* Exercise requirements:
Repeat only the lines below from the one containing "Larry Doby, the" through the one containing "(C) EARLY THREE", inclusive, exactly as written.

* Data excerpts:
◆ ◆ ◆ ◆ ◆
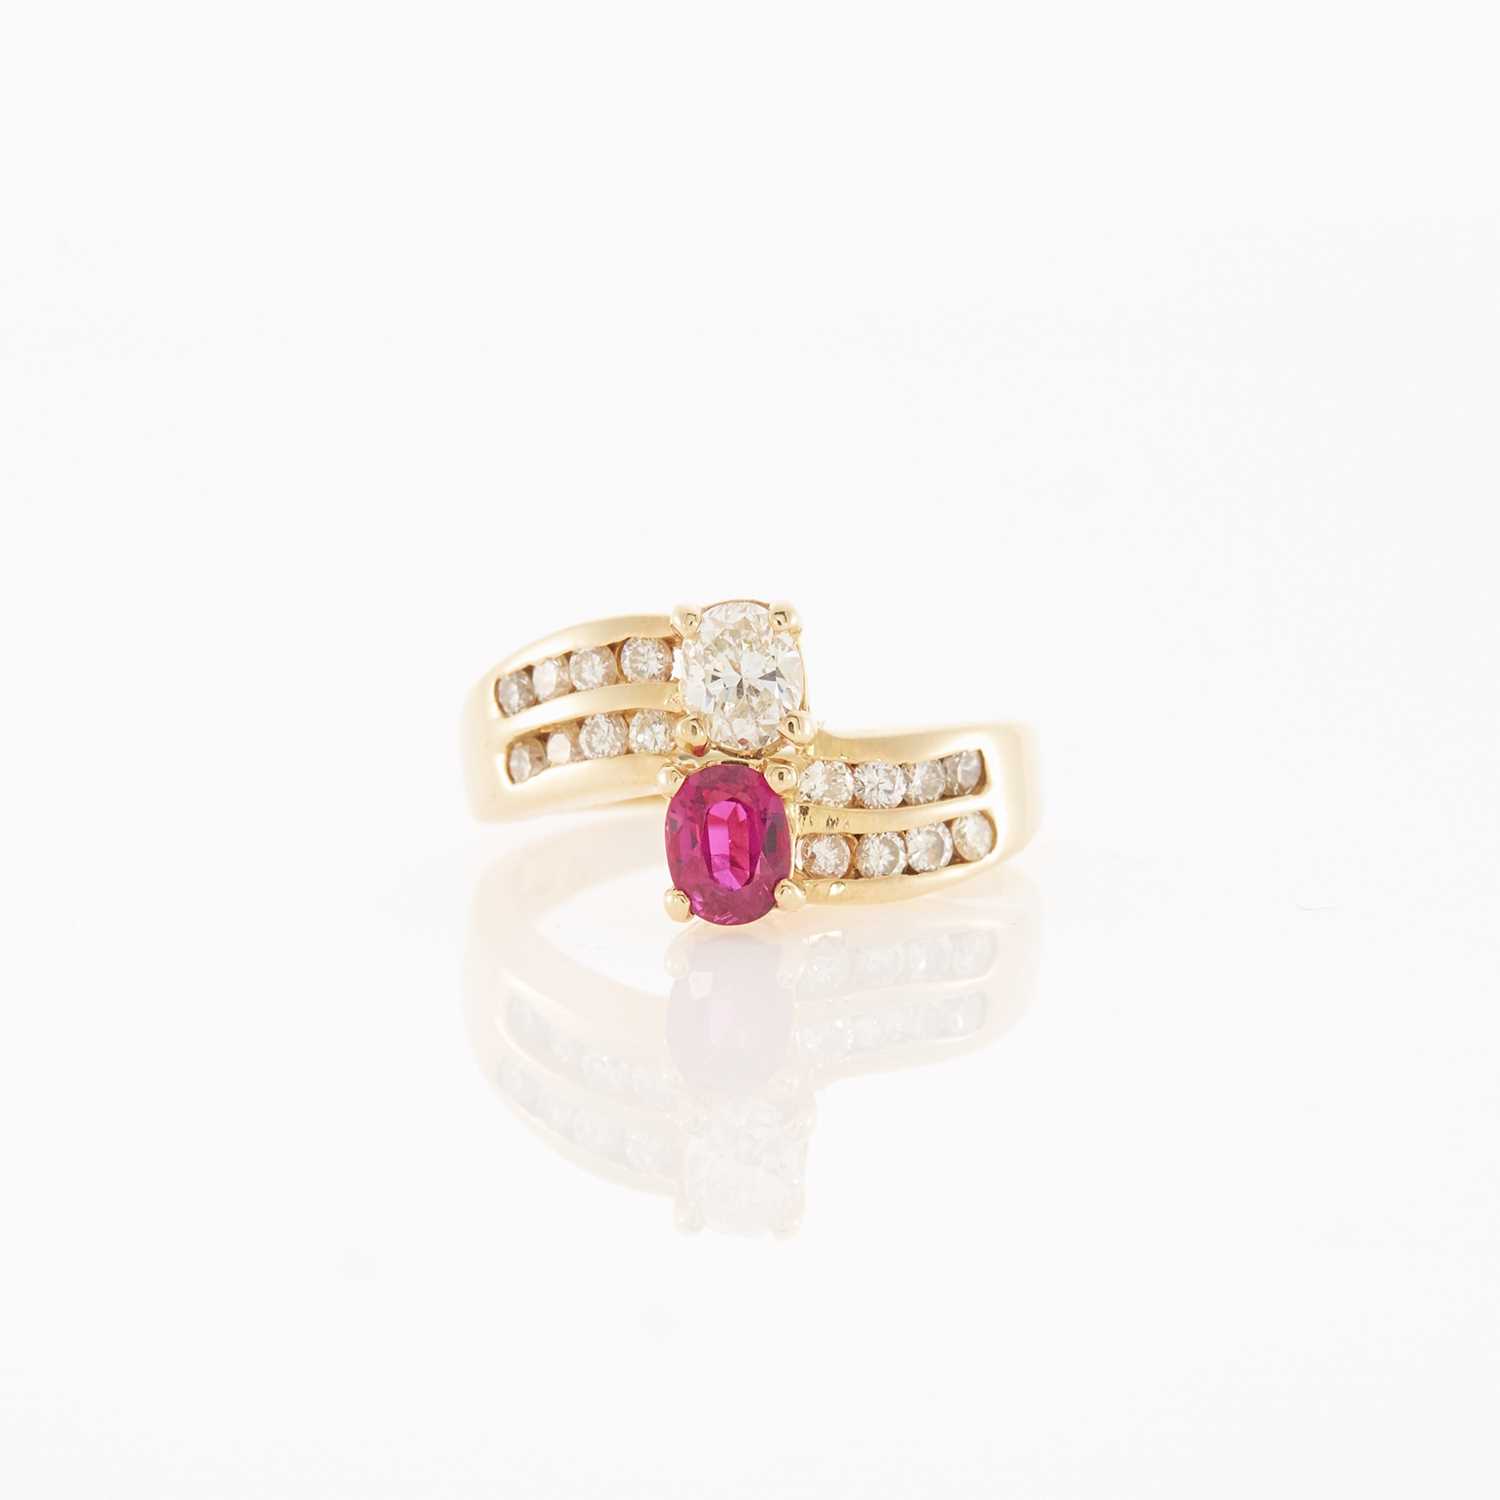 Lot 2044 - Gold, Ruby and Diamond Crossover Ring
◆ ◆ ◆ ◆ ◆
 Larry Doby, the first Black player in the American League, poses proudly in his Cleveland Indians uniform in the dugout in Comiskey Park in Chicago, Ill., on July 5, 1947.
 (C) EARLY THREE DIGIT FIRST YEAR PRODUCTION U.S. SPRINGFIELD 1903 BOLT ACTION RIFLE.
◆ ◆ ◆ ◆ ◆
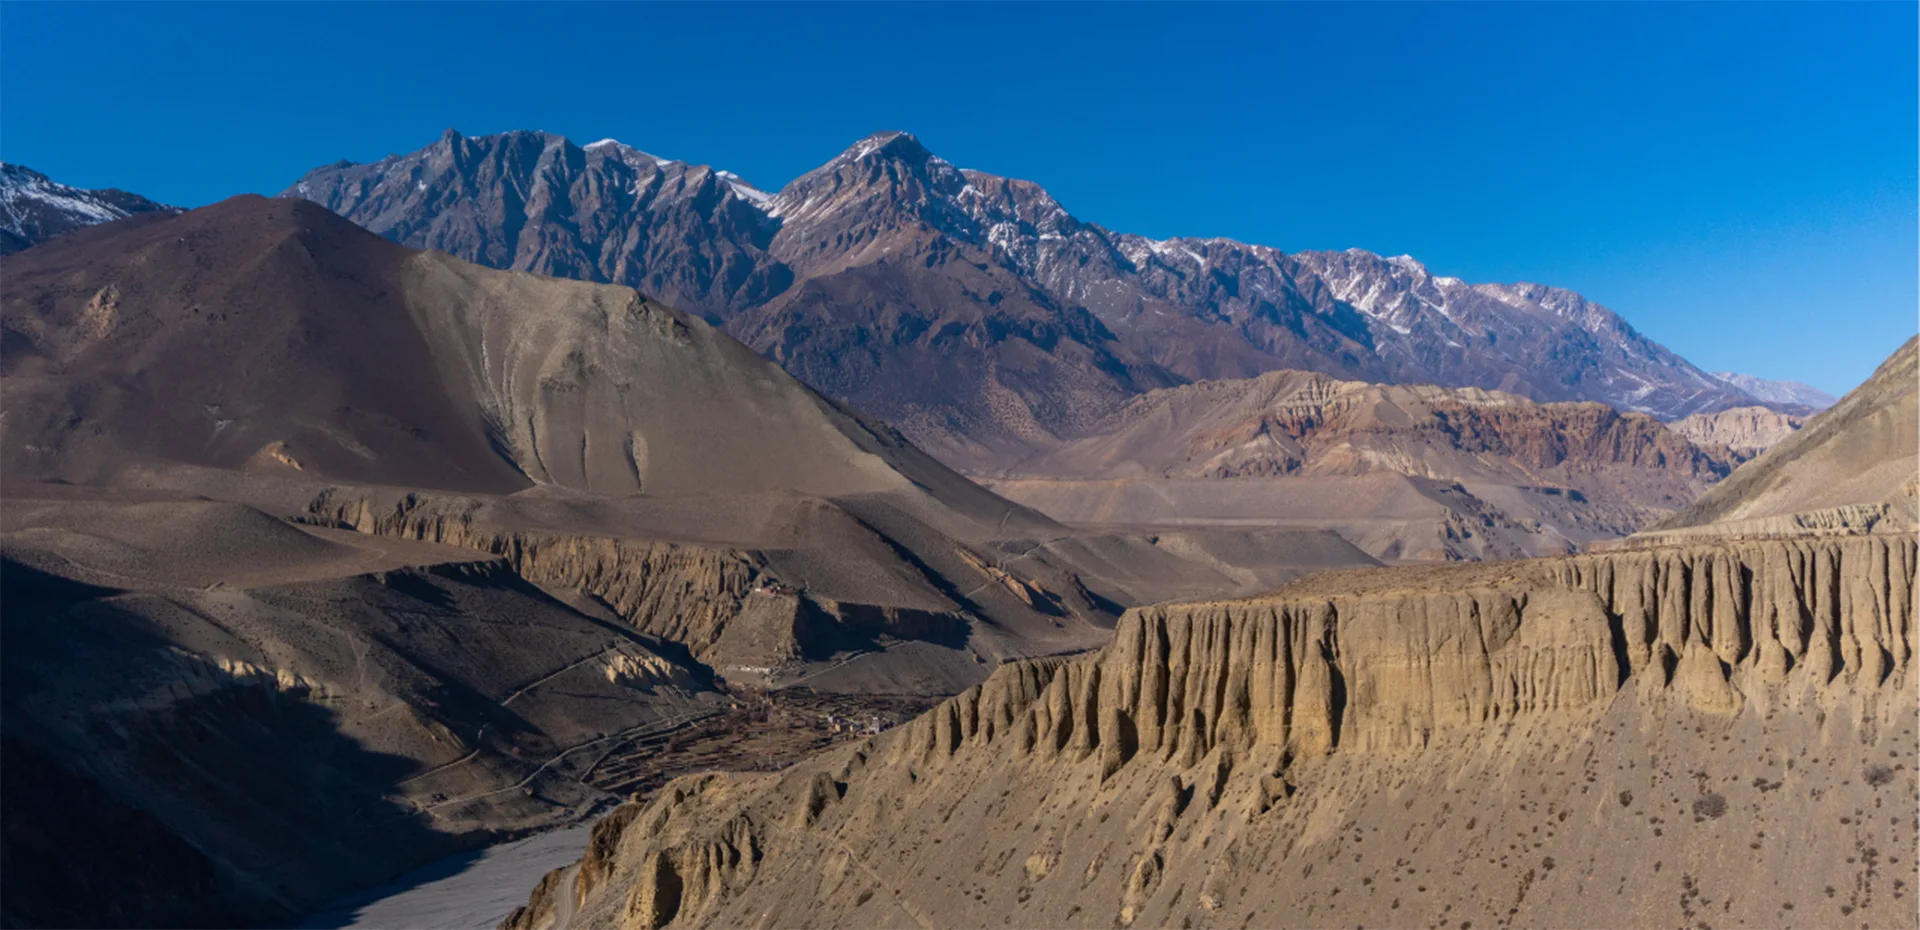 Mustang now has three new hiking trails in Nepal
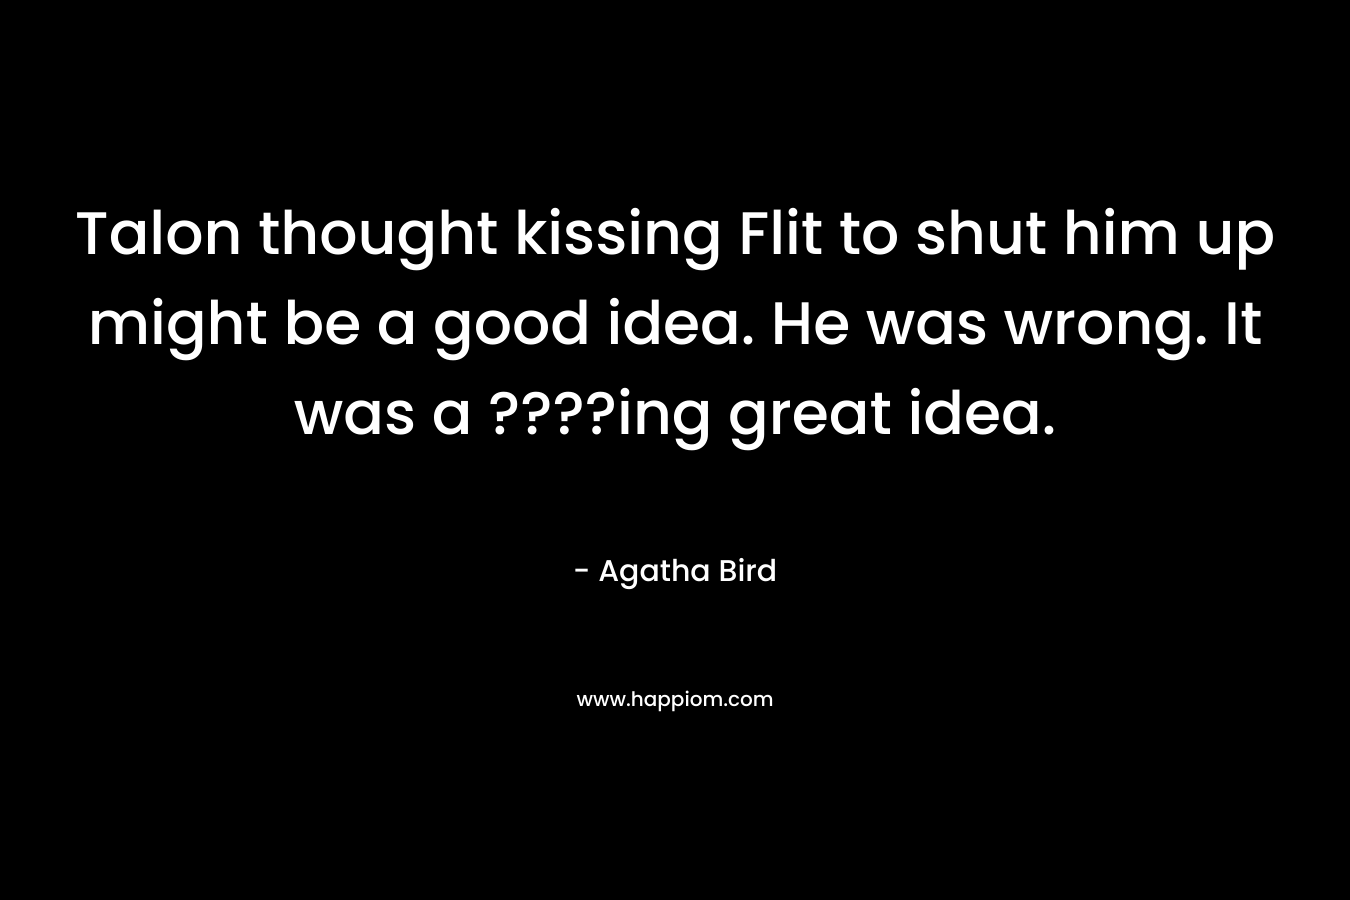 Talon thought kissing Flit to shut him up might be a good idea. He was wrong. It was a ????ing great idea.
◆ ◆ ◆ ◆ ◆
* Response to the exercise:
 Larry Doby, the first Black player in the American League, poses proudly in his Cleveland Indians uniform in the dugout in Comiskey Park in Chicago, Ill., on July 5, 1947.
 (C) EARLY THREE DIGIT FIRST YEAR PRODUCTION U.S. SPRINGFIELD 1903 BOLT ACTION RIFLE.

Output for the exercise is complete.